Exercise description –
Go through the listing below and repeat it exactly, dropping the pictures.

Input data –
= = =

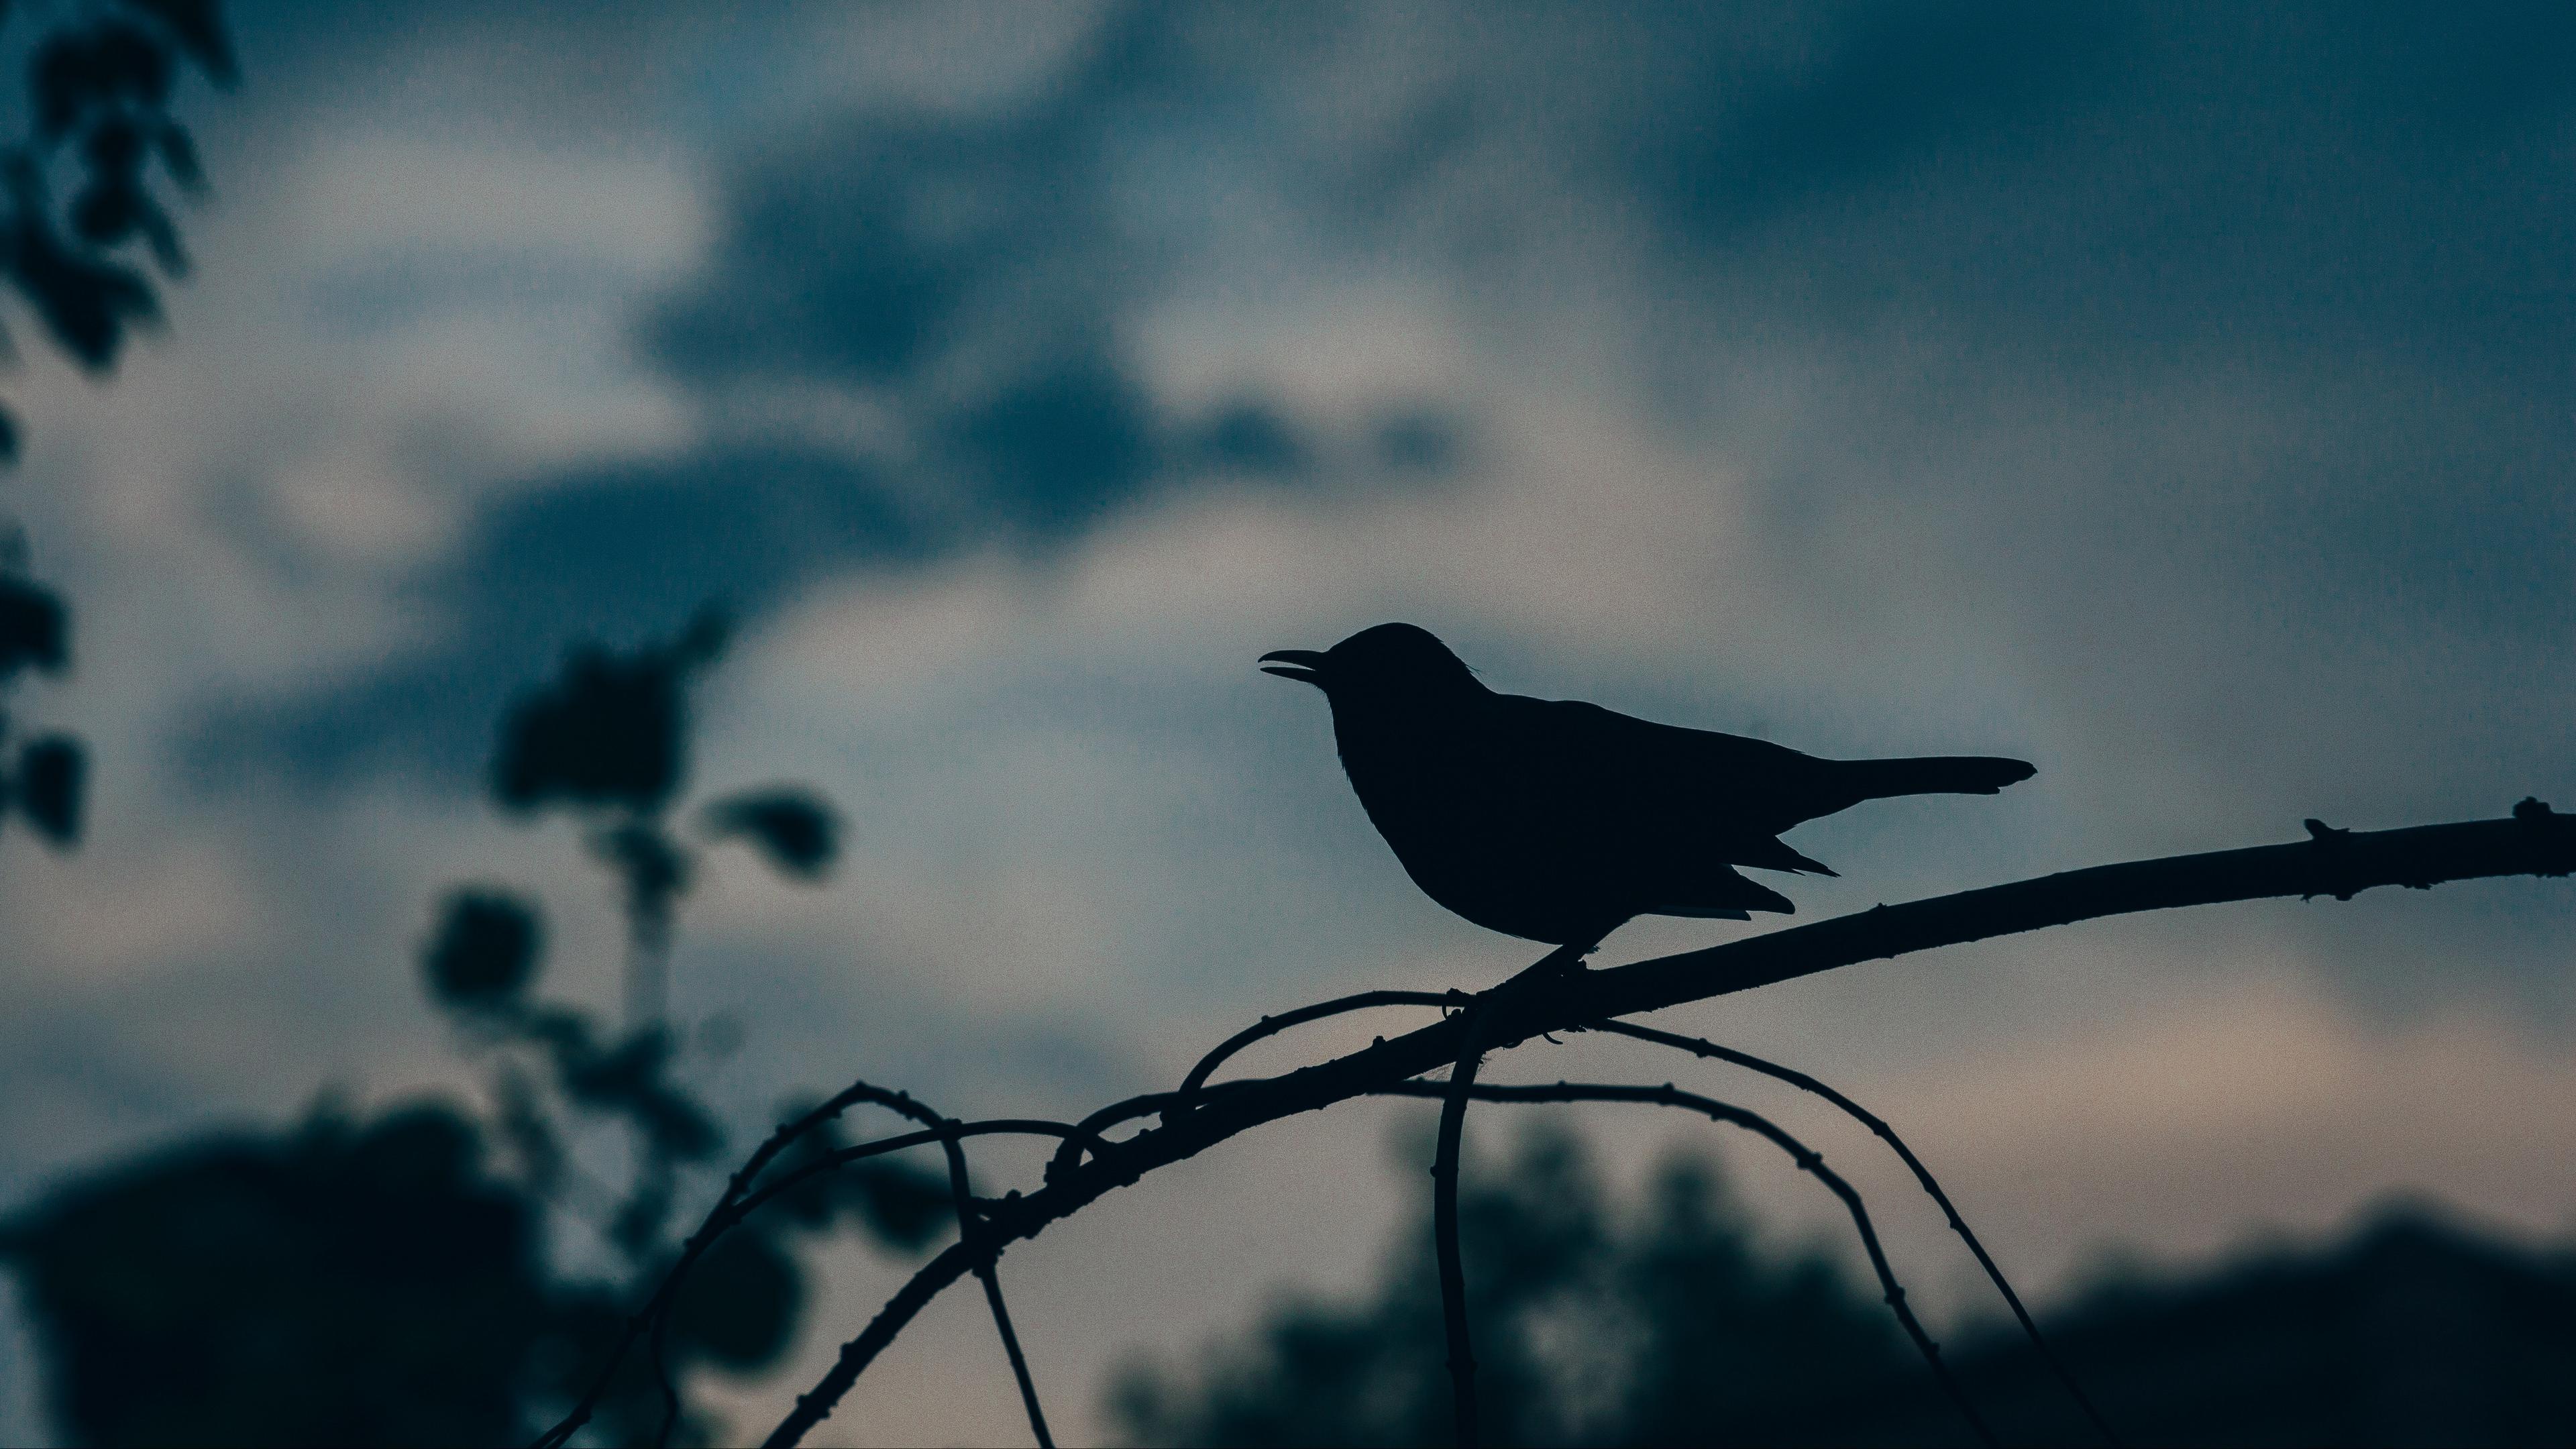 bird silhouette branch 4k 1540576320 - bird, silhouette, branch 4k - Silhouette, branch, Bird
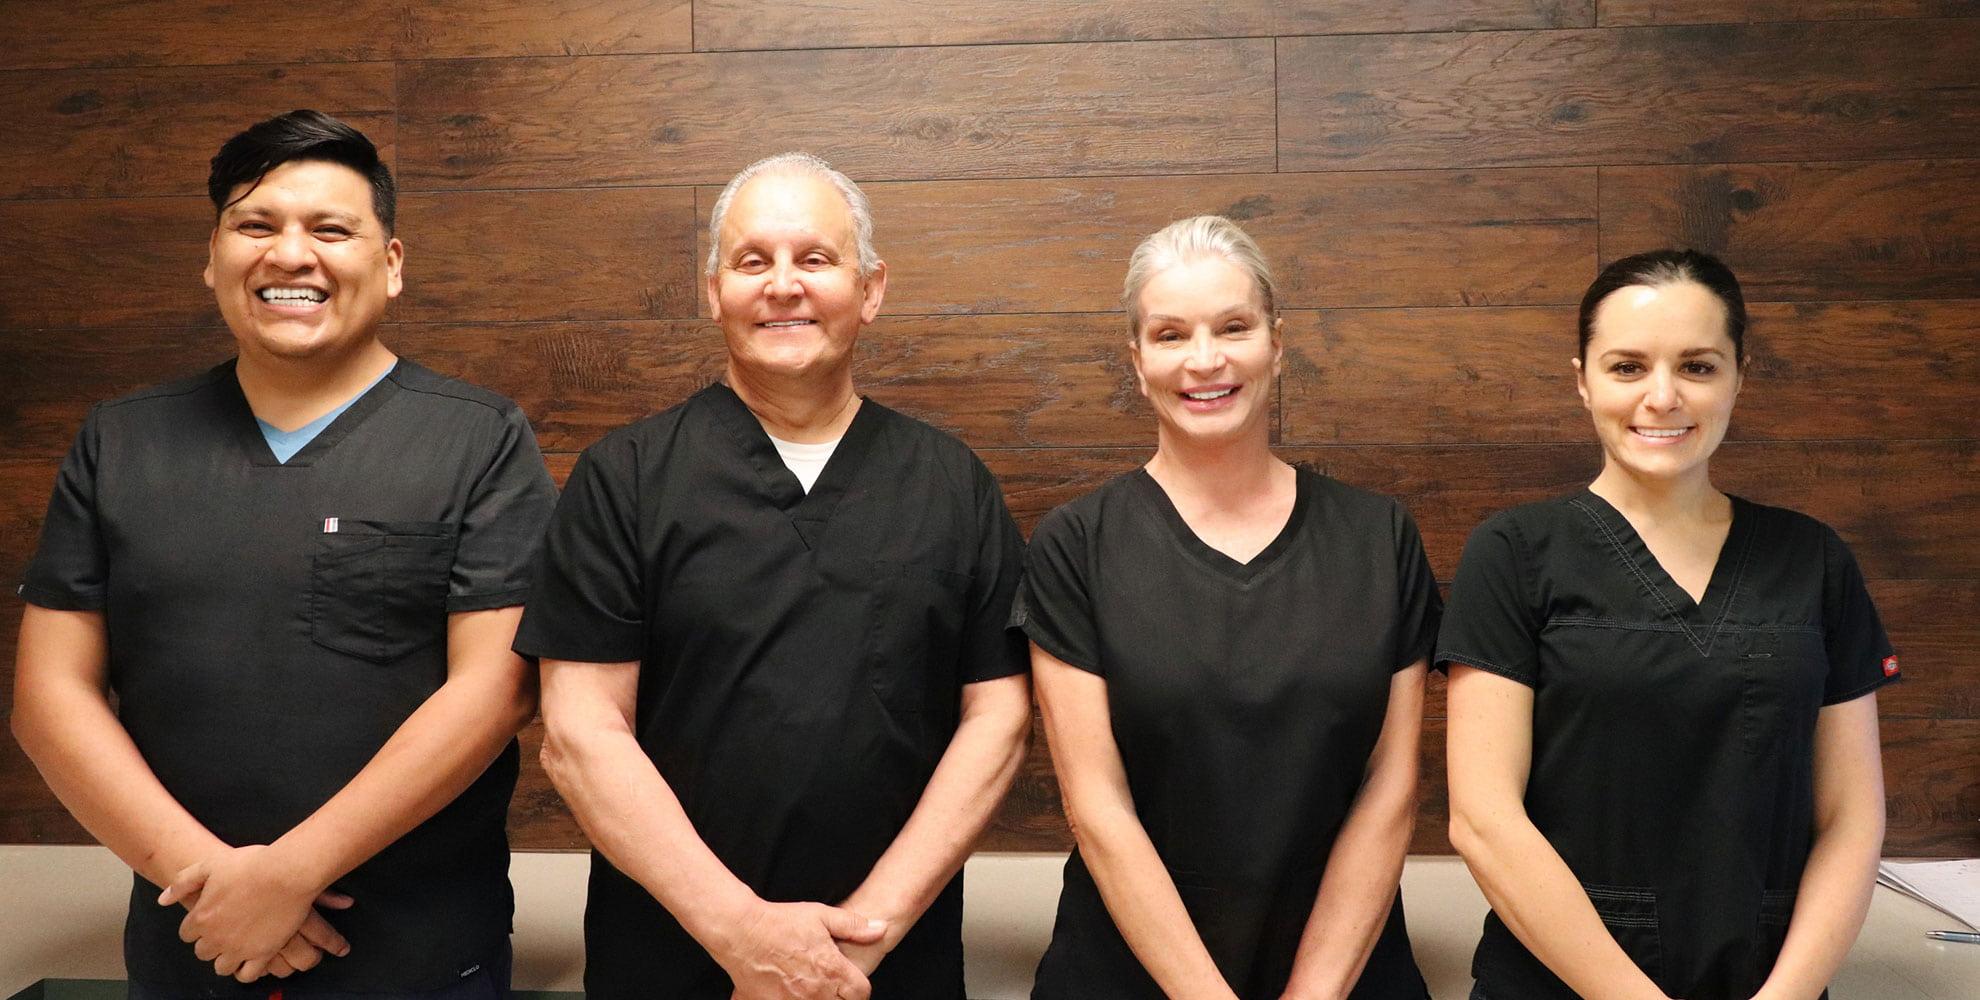 Kaban Endodontics Team of experts smiling
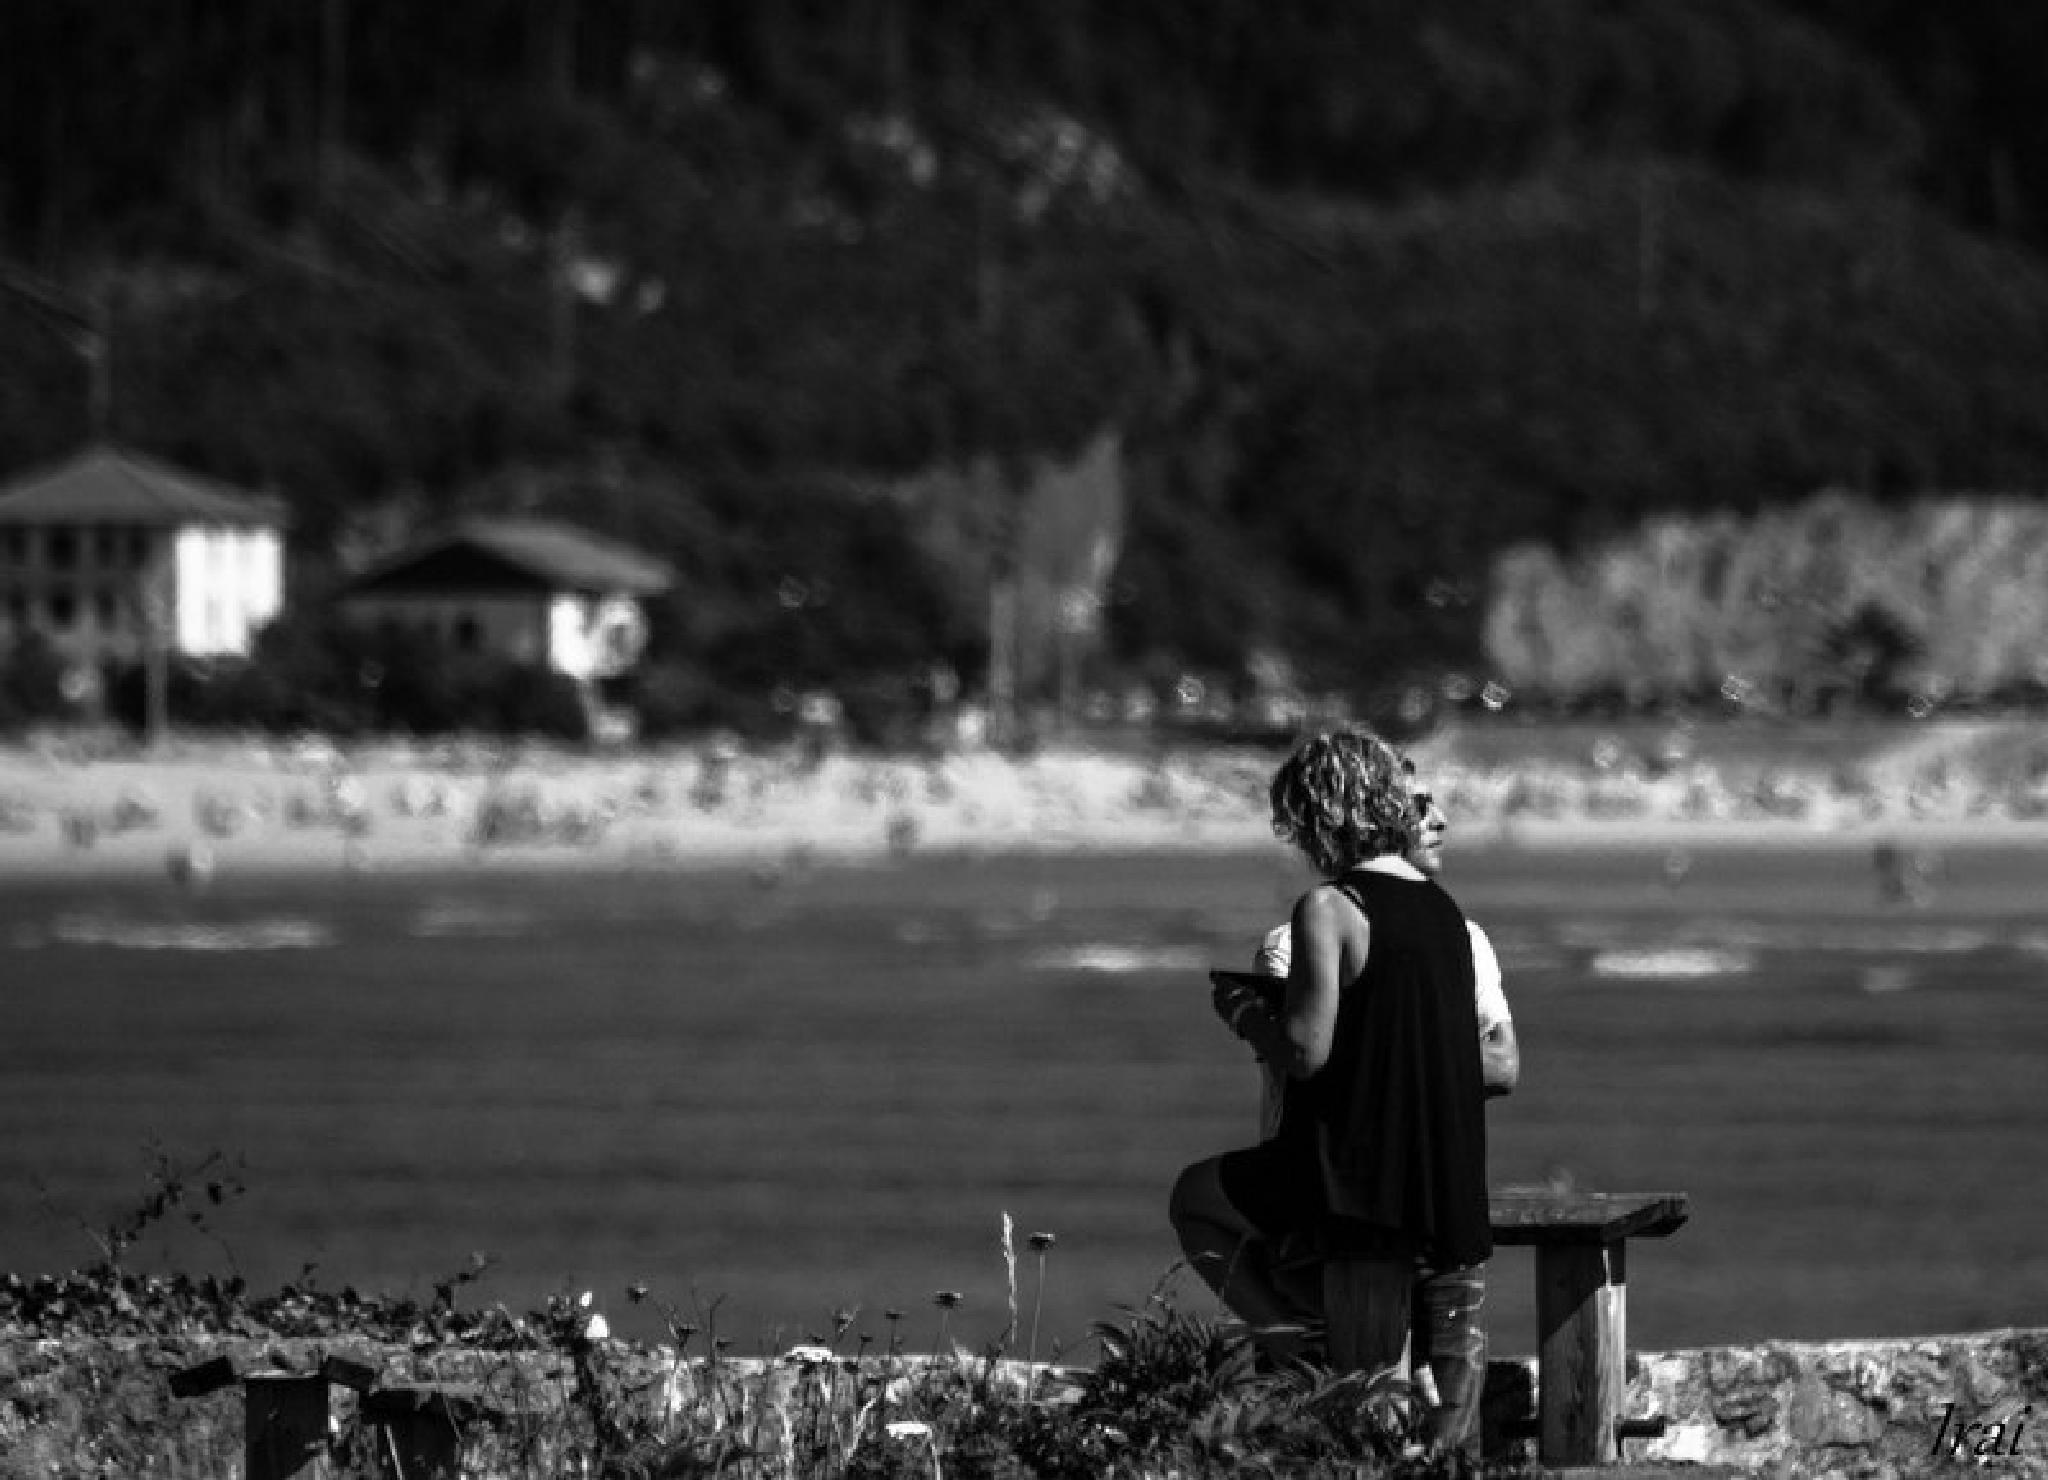 Relaxing in the paradise. Mundaka by Irai
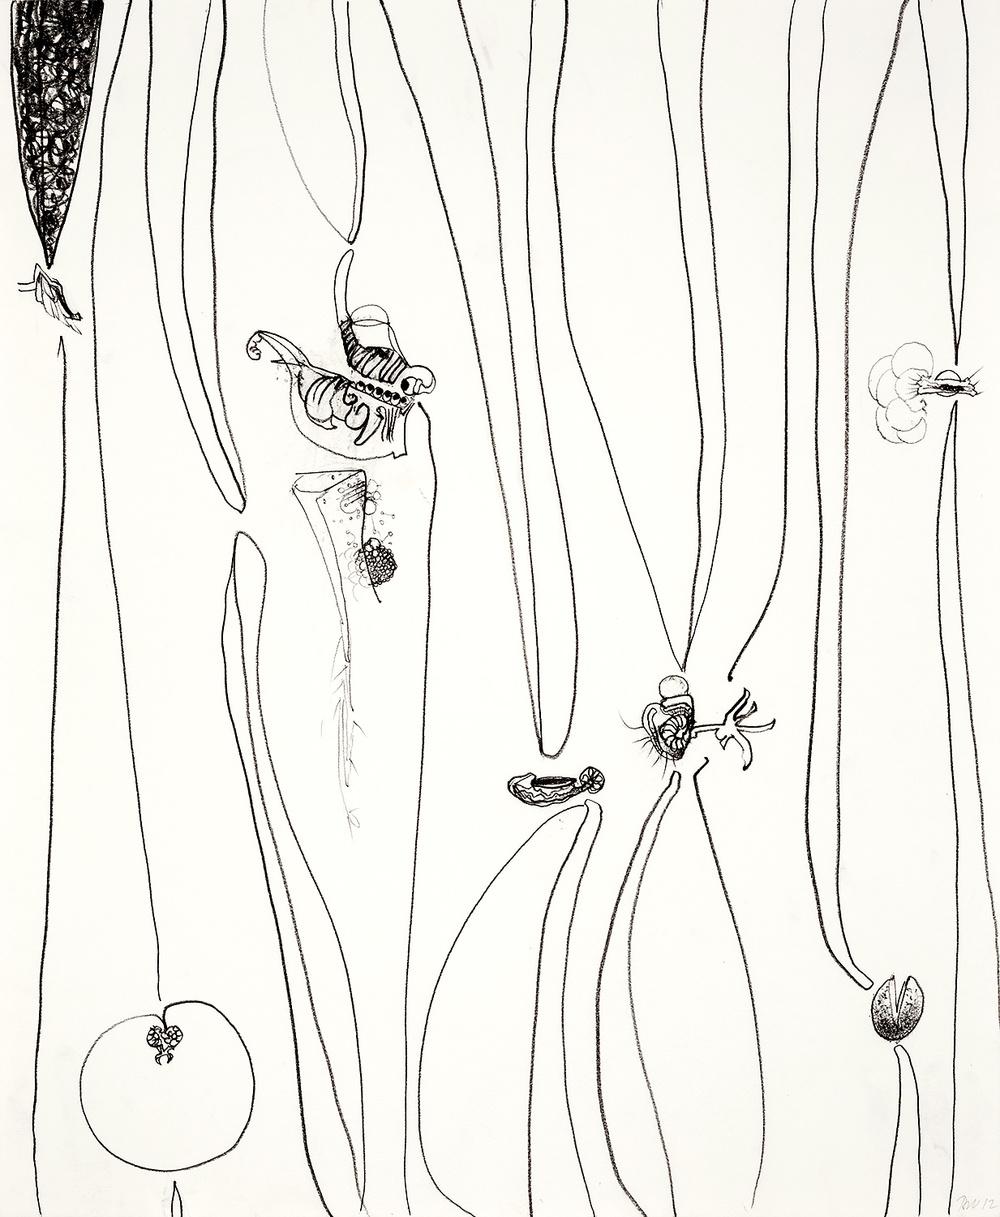 "Brian Wood <br> ""Lacuna""  <br> Graphite on paper  <br>  17 x 14 in."

= = =

Output of the task –
 bird silhouette branch 4k 1540576320 - bird, silhouette, branch 4k - Silhouette, branch, Bird
 Kaban Endodontics Team of experts smiling
 Relaxing in the paradise. Mundaka by Irai
 "Brian Wood <br> ""Lacuna""  <br> Graphite on paper  <br>  17 x 14 in."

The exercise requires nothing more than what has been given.